_INFORMATION PROVIDED_.
*-*-*

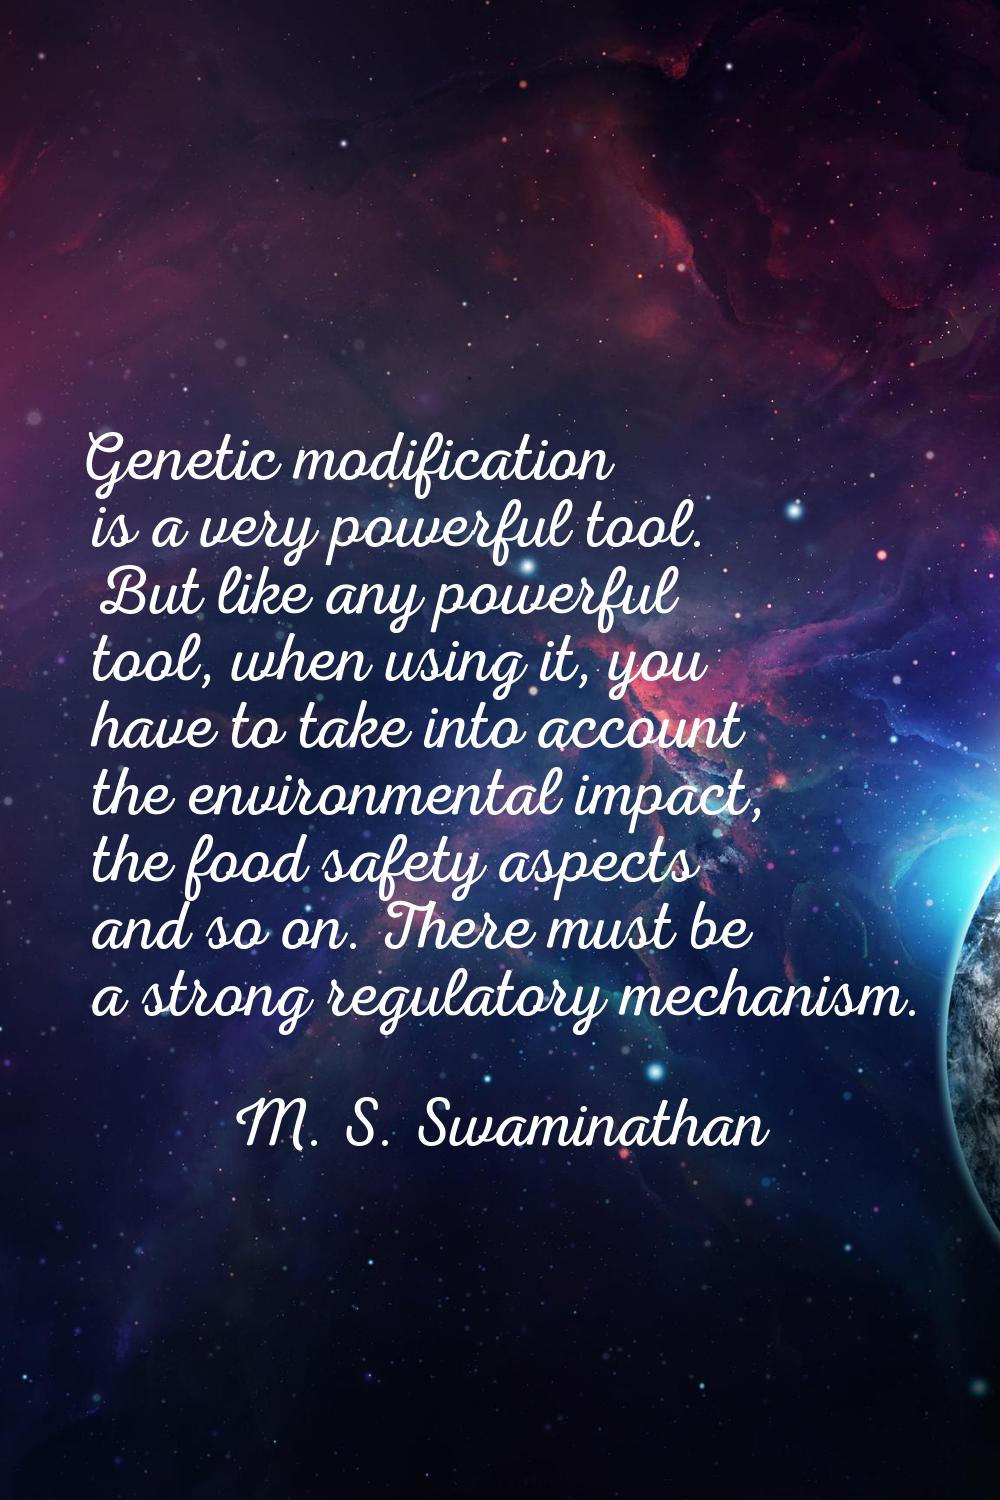 Genetic modification is a very powerful tool. But like any powerful tool, when using it, you have t
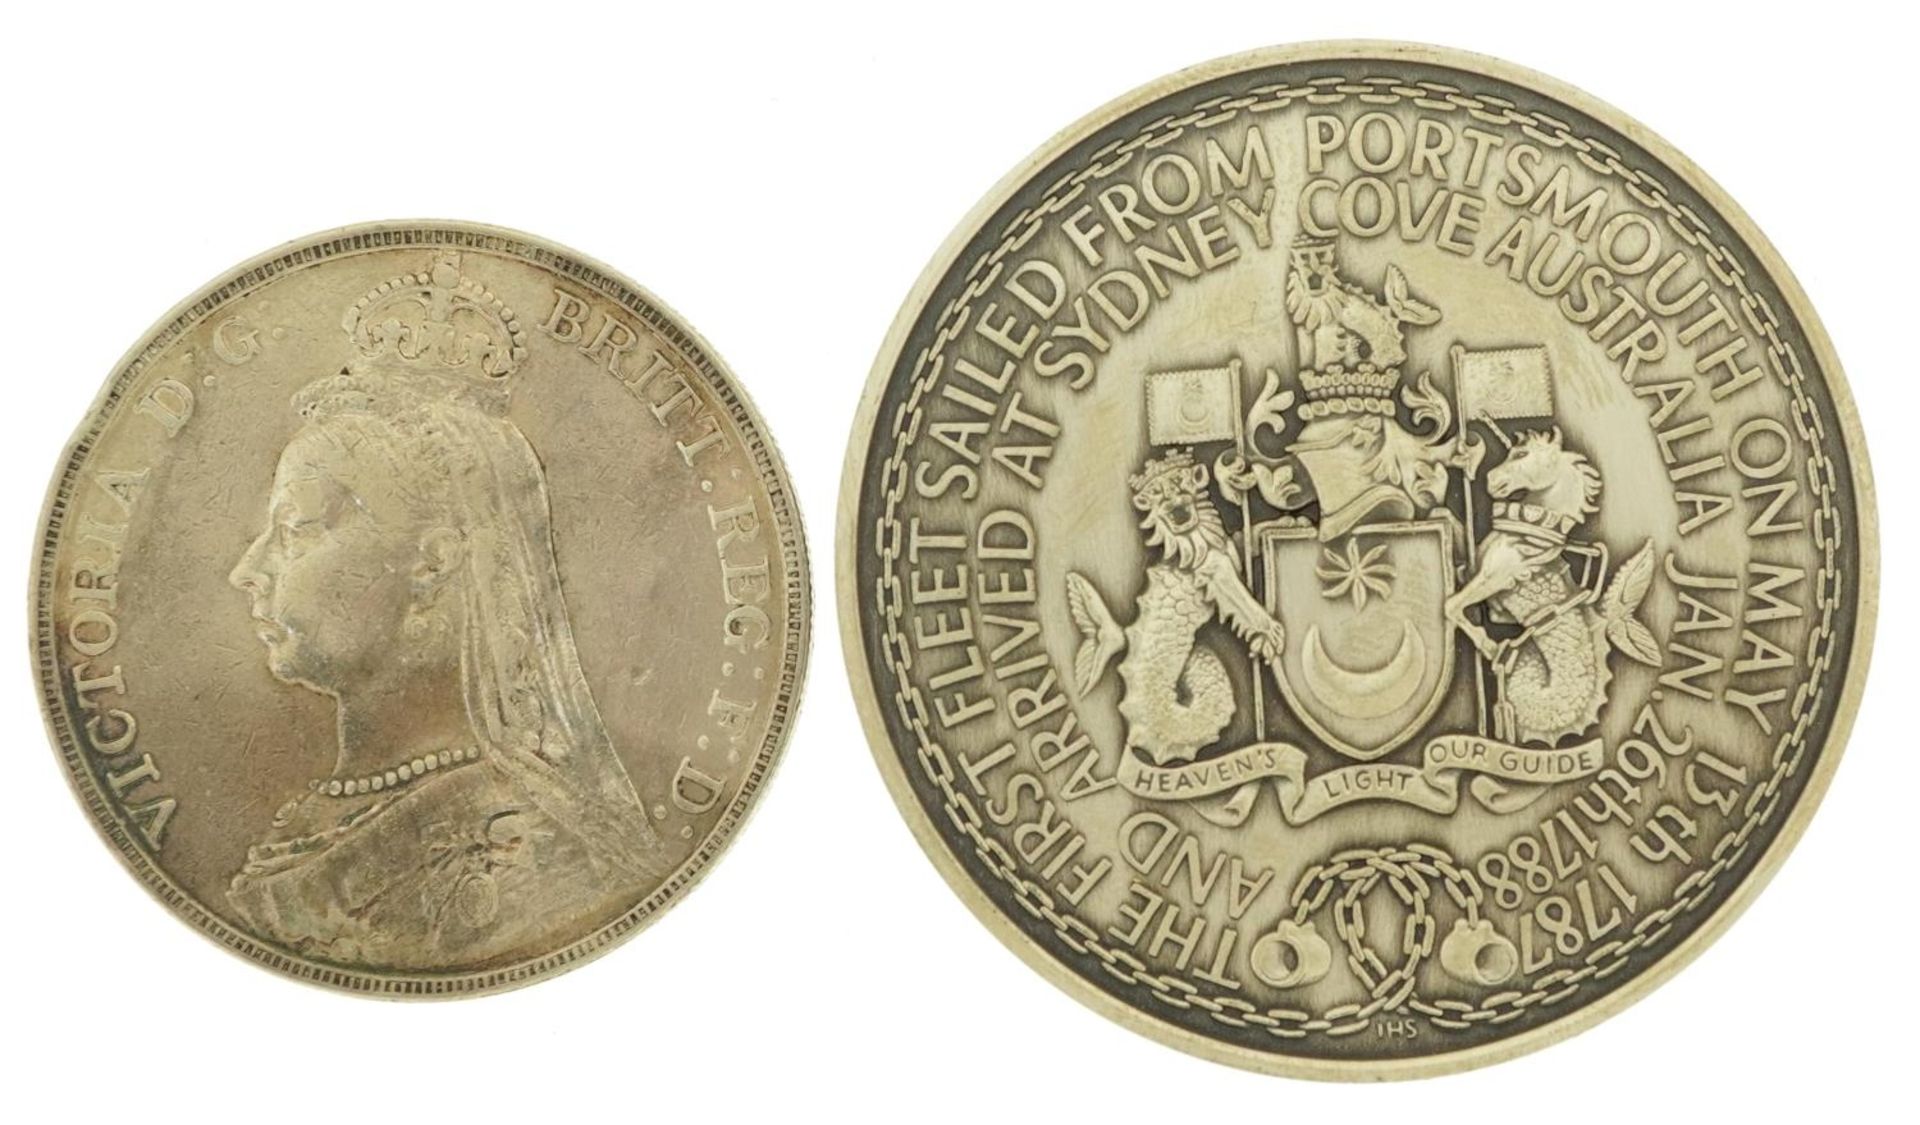 Queen Victoria 1891 silver crown and a silver medallion commemorating the Bicentennial of the - Image 3 of 6
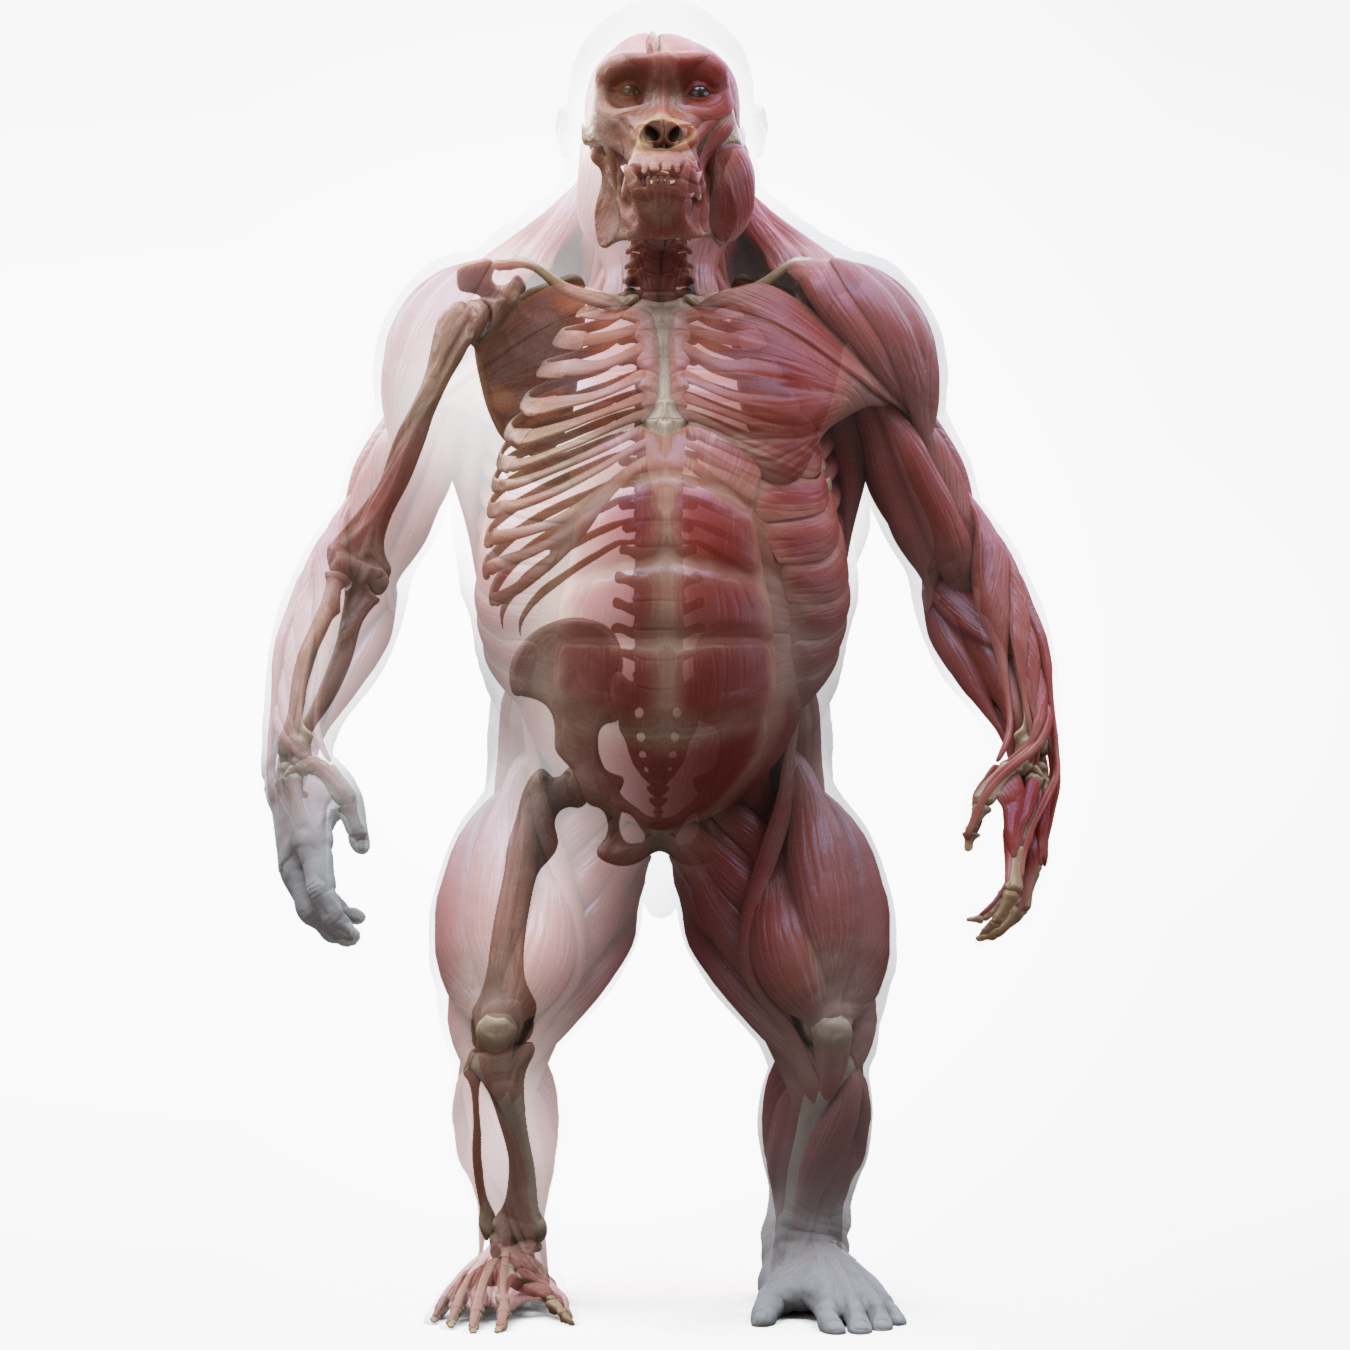 Detail of a male anatomical ecorche model, displaying muscles
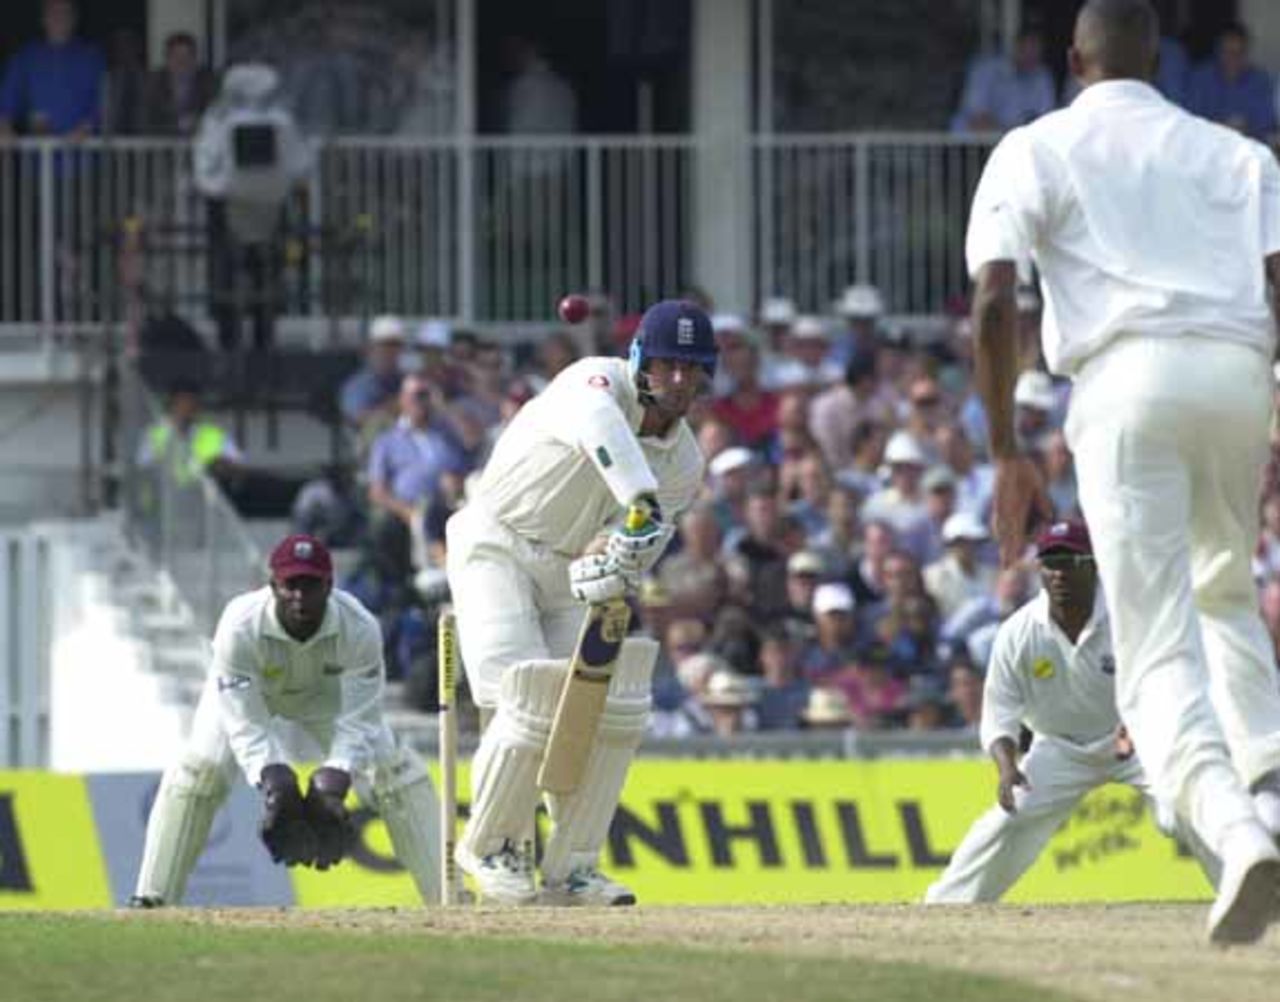 England v West Indies at the Oval, 2000

*-*-*

_WHAT THE TASK ASKS_.
Without including any image, reproduce the full listing above as written.

_TASK ANSWER_.
 Genetic modification is a very powerful tool. But like any powerful tool, when using it, you have t
 Queen Victoria 1891 silver crown and a silver medallion commemorating the Bicentennial of the - Image 3 of 6
 Detail of a male anatomical ecorche model, displaying muscles
 England v West Indies at the Oval, 2000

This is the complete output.